What It Means to Wait Upon the Lord
- Bio
- Summary
- Transcript
- Download

Al Whittinghill (birth year unknown–present). Born in North Carolina, Al Whittinghill graduated from the University of North Carolina at Chapel Hill in 1970 with a B.A. in Political Science. Converted to Christ in 1972, he felt called to ministry, earning a Master of Divinity and an honorary Doctor of Divinity. He began preaching while in seminary and joined Ambassadors for Christ International (AFCI) in Atlanta, focusing on revival and evangelism through itinerant preaching.
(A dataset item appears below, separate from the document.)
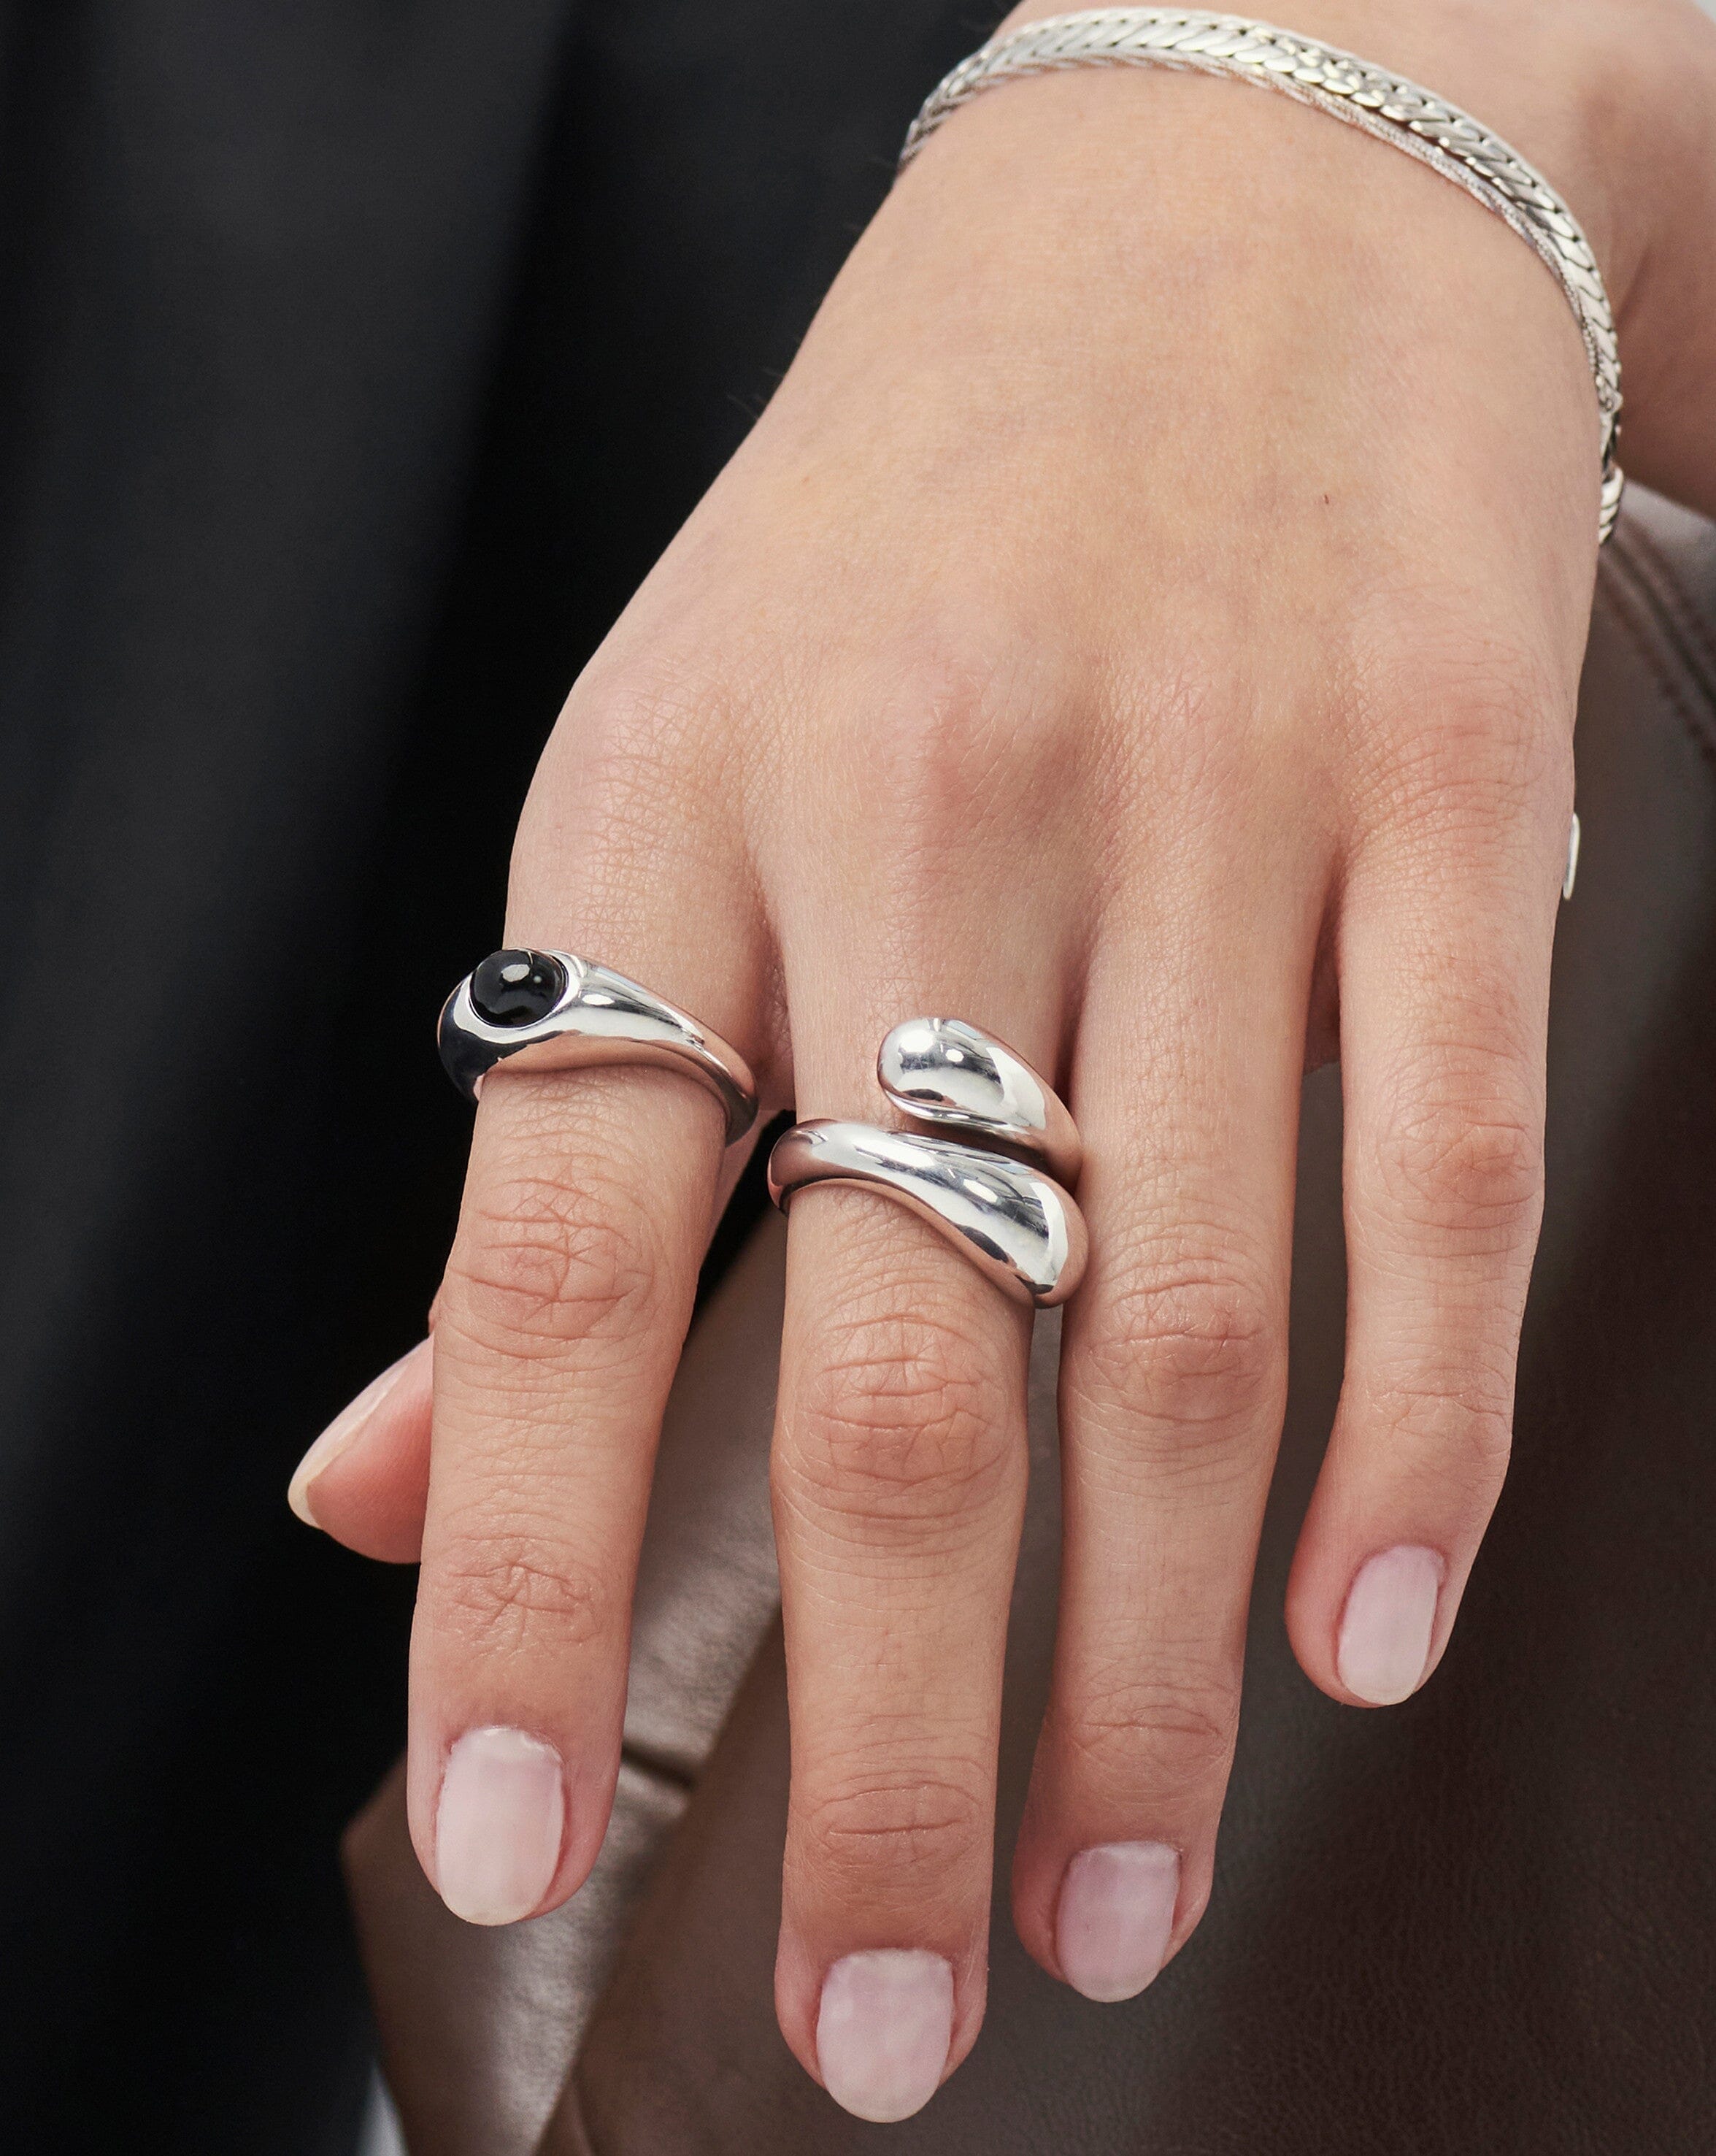 Savi Sculptural Gemstone Stacking Ring | Sterling Silver/Black Onyx Rings Missoma

For over 45 years, he has ministered in over 50 countries, including the USA, Europe, India, Africa, Asia, Australia, and former Iron Curtain nations, speaking at churches, conferences, and events like the PRAY Conference. His expository sermons, emphasizing holiness, prayer, and the Lordship of Christ, are available on platforms like SermonAudio and SermonIndex, with titles like “The Heart Cry of Tears” and “The Glory of Praying in Jesus’ Name.” Married to Mary Madeline, he has served local churches across denominations, notably impacting First Baptist Church Woodstock, Georgia, through revival-focused teachings. Endorsed by figures like Kay Arthur and Stephen Olford, his ministry seeks to ignite spiritual awakening. Whittinghill said, “Revival begins when God’s people are broken and desperate for Him alone.”